Exercise instructions.
Reproduce exactly the lines from the top of the records below through the line holding "3D map showing".
───── Material supplied
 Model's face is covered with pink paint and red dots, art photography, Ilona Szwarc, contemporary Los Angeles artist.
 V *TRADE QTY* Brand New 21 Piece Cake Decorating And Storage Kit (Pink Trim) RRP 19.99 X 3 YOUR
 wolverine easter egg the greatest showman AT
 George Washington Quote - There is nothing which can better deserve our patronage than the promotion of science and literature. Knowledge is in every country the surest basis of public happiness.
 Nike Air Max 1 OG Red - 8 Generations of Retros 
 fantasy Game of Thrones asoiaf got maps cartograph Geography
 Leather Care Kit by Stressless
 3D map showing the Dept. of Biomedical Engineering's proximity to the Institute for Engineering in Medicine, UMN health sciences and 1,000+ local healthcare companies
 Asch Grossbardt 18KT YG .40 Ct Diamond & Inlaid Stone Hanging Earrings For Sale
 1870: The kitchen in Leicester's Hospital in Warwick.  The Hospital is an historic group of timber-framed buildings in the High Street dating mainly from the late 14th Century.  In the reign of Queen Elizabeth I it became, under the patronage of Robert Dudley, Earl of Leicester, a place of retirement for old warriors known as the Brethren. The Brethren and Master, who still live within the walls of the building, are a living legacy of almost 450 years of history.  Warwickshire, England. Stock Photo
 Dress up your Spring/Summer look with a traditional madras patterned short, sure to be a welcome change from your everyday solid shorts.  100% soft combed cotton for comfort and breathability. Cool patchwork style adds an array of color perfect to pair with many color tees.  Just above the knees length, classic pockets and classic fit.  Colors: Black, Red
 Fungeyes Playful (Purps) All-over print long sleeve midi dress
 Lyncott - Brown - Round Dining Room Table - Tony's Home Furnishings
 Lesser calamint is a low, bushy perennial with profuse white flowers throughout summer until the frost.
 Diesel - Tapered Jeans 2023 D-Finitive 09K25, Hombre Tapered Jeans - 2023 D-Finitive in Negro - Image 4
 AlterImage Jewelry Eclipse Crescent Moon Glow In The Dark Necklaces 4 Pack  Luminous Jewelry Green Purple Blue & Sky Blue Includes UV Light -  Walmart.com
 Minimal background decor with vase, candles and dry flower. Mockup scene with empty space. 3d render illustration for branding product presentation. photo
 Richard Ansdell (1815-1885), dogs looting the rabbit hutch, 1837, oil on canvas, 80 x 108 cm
──────────
Expected answer.
 Model's face is covered with pink paint and red dots, art photography, Ilona Szwarc, contemporary Los Angeles artist.
 V *TRADE QTY* Brand New 21 Piece Cake Decorating And Storage Kit (Pink Trim) RRP 19.99 X 3 YOUR
 wolverine easter egg the greatest showman AT
 George Washington Quote - There is nothing which can better deserve our patronage than the promotion of science and literature. Knowledge is in every country the surest basis of public happiness.
 Nike Air Max 1 OG Red - 8 Generations of Retros 
 fantasy Game of Thrones asoiaf got maps cartograph Geography
 Leather Care Kit by Stressless
 3D map showing the Dept. of Biomedical Engineering's proximity to the Institute for Engineering in Medicine, UMN health sciences and 1,000+ local healthcare companies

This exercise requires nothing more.